What is Male Orgasmic Disorder?
Male orgasmic disorder is diagnosed when a man either has enormous difficulty ejaculating during sex or cannot have an orgasm at all. It can either be termed a lifelong orgasmic disorder if he has never been able to ejaculate or categorized as an acquired disorder if it developed following normal function. There is some controversy among experts as to whether or not an orgasm must include ejaculation as men have reported that they do ejaculate, but fail to achieve the pleasure normally associated with orgasm.
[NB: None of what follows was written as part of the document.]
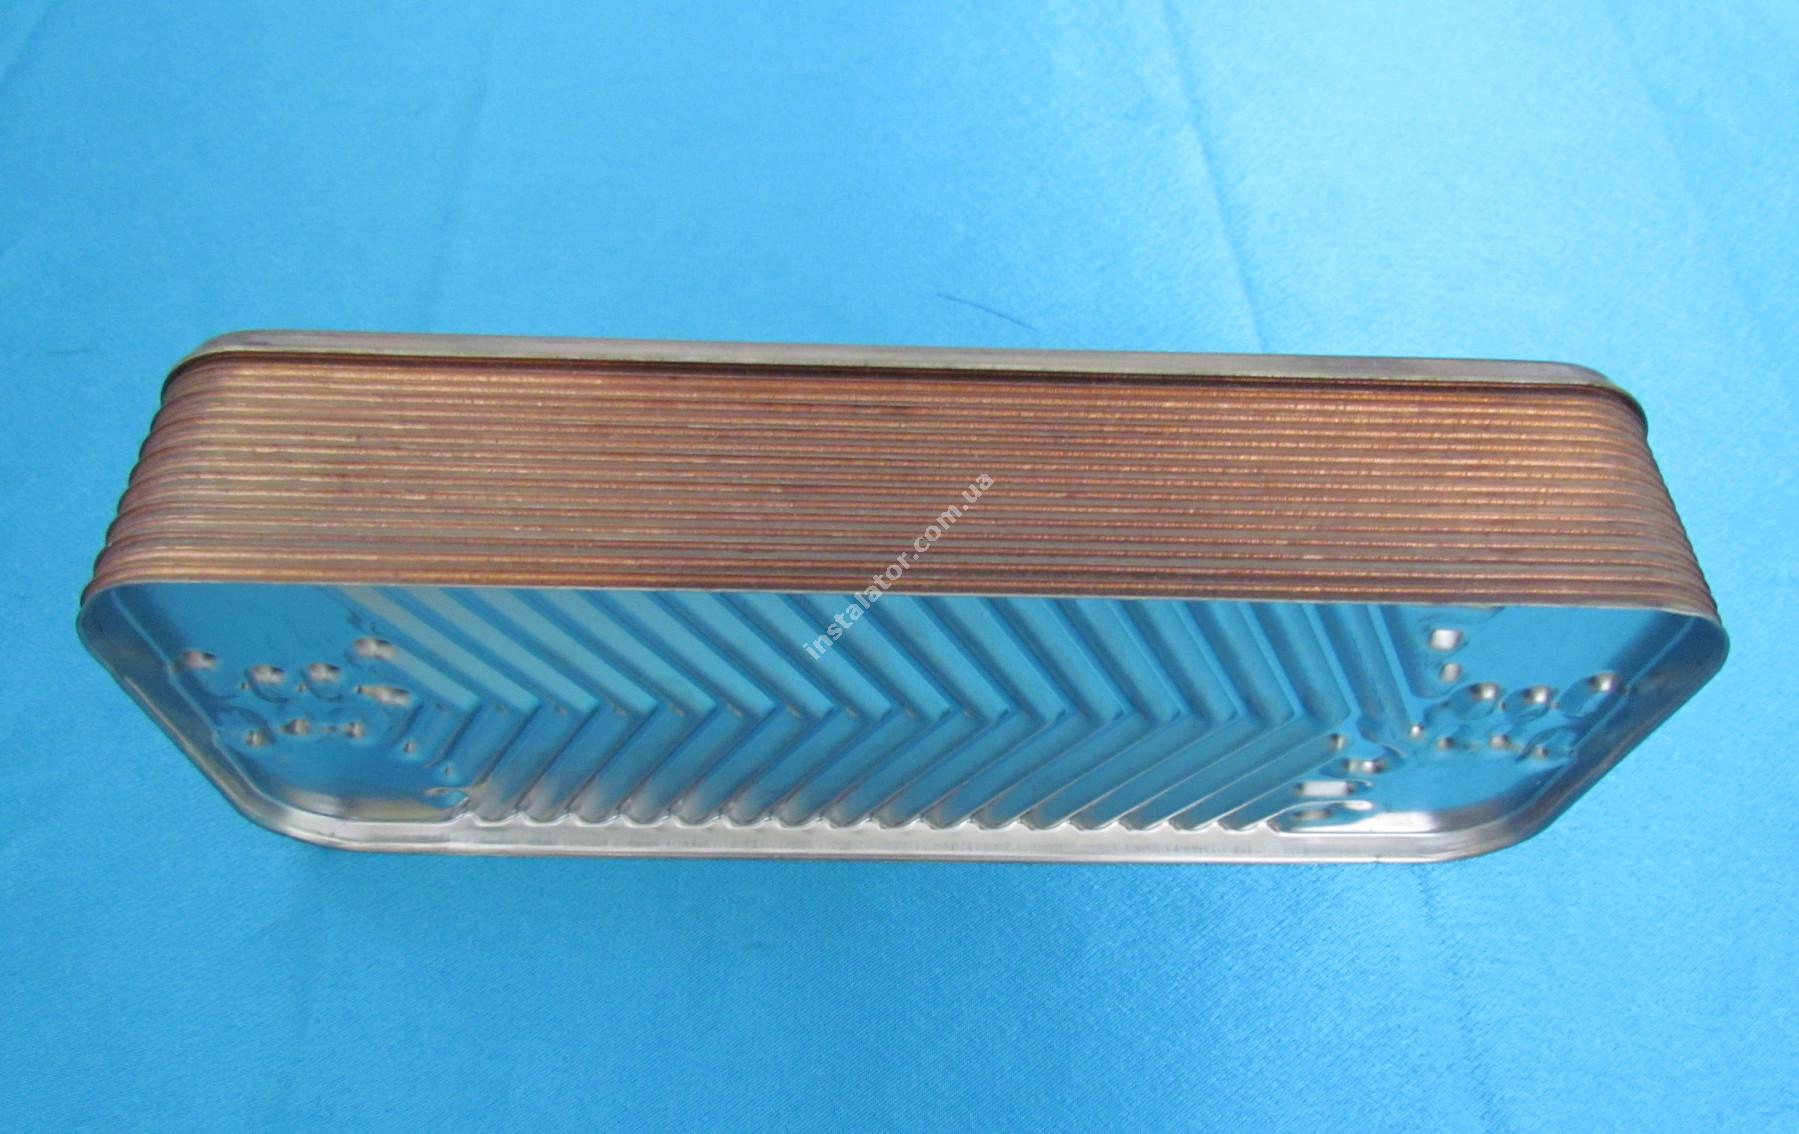 17B2071613 Теплообмінник вторинний ГВП 16 пластин SAUNIER DUVAL, ZILMET full-image-2
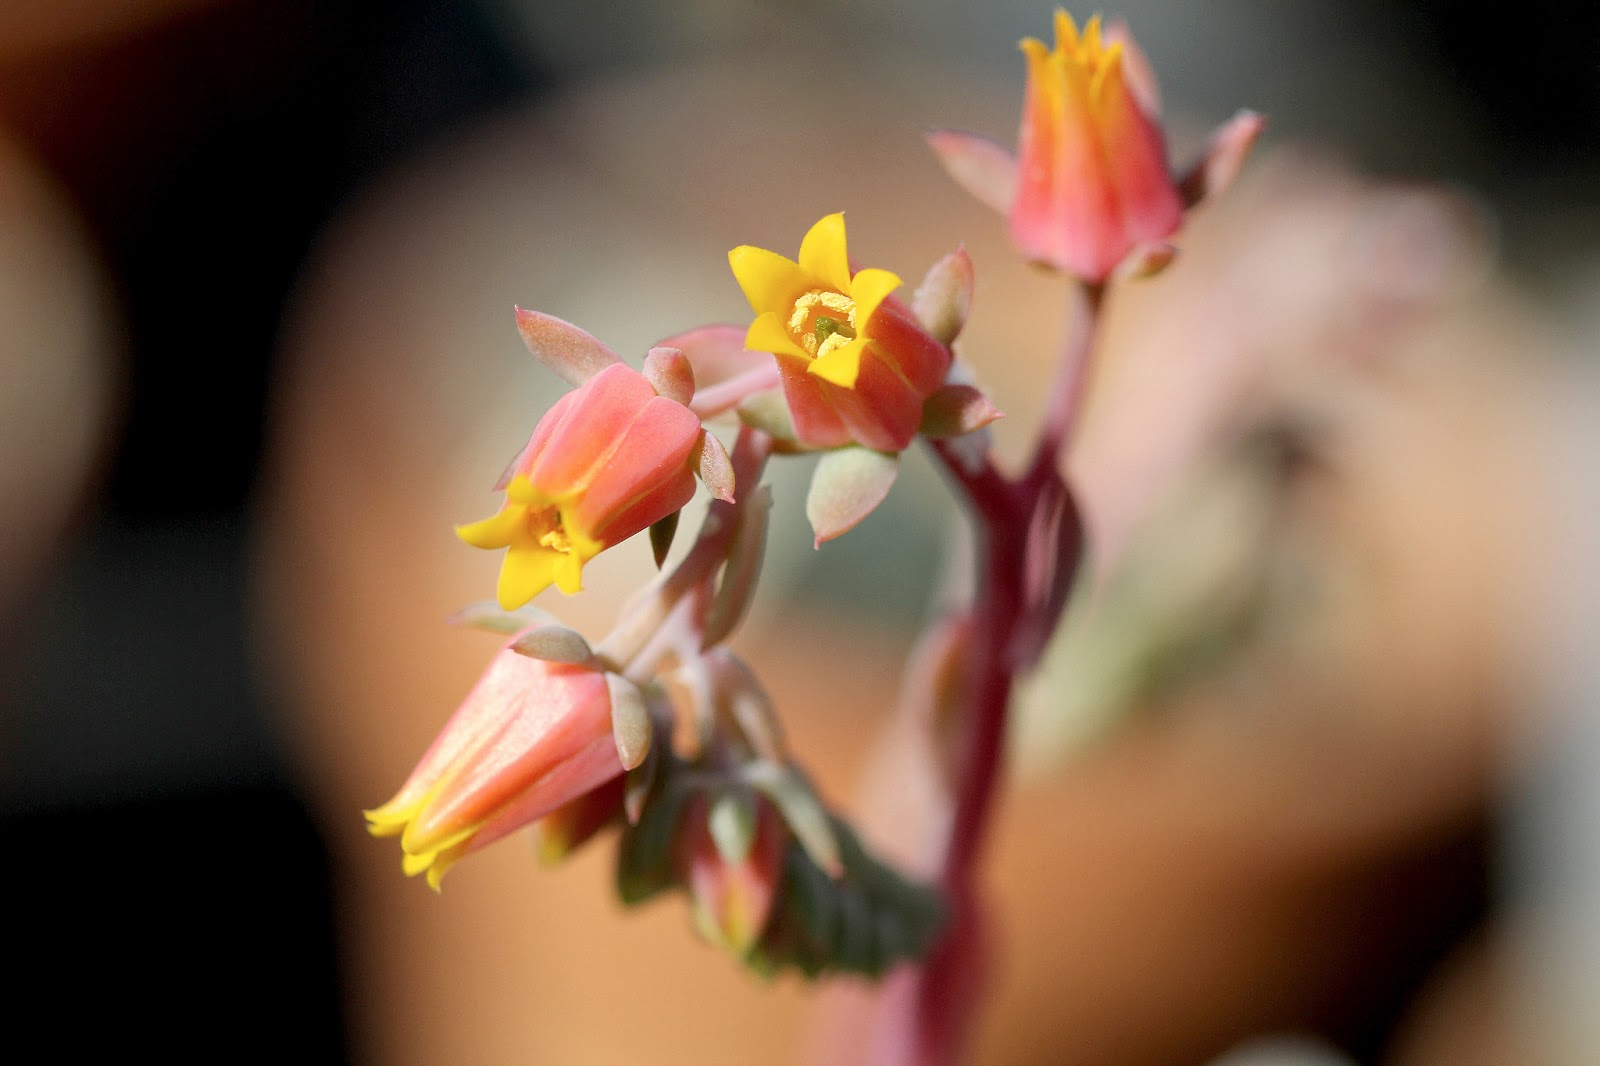 Echeveria aff. cuspidata - Flowers

With a prevalence of only 5%, male orgasmic disorder is much less common than premature ejaculation or impotence. The lifelong variety frequently reflects an inability to achieve intimacy or even closeness, not just sexually, but with all relationships. Often, a rigidly religious upbringing resulted in the perception of sex as sinful and genitals or contact with genitals as “dirty”. Those with obsessive-compulsive disorder are especially at risk for this sexual disorder.
Problems within an already existing relationship such as loss of sexual attraction, a demanding partner can be the source of acquired male orgasmic disorder; failing to ejaculate can indicate hostility toward a partner or toward women in general.
Where Can I Find Additional Information on Male Sexual Disorders?
Many of the books about male sexual disorders are written from the standpoint of mental health clinicians and physicians. However, two that have received good reviews from the general public are Coping with Erectile Dysfunction: How to Regain Confidence & Enjoy Great Sex by Michael E. Metz and Barry W. McCarthy,and Sexual Healing: The Complete Guide to Overcoming Common Sexual Problems, written by Barbara Keesling.
Comer, R.J. (1996). Fundamentals of Abnormal Psychology. New York: W.H. Freeman and Company.
Kaplan, H.I., &Sadoc, B.J. (1996). Concise Textbook of Clinical Psychiatry. Baltimore, MD: Williams & Wilkins.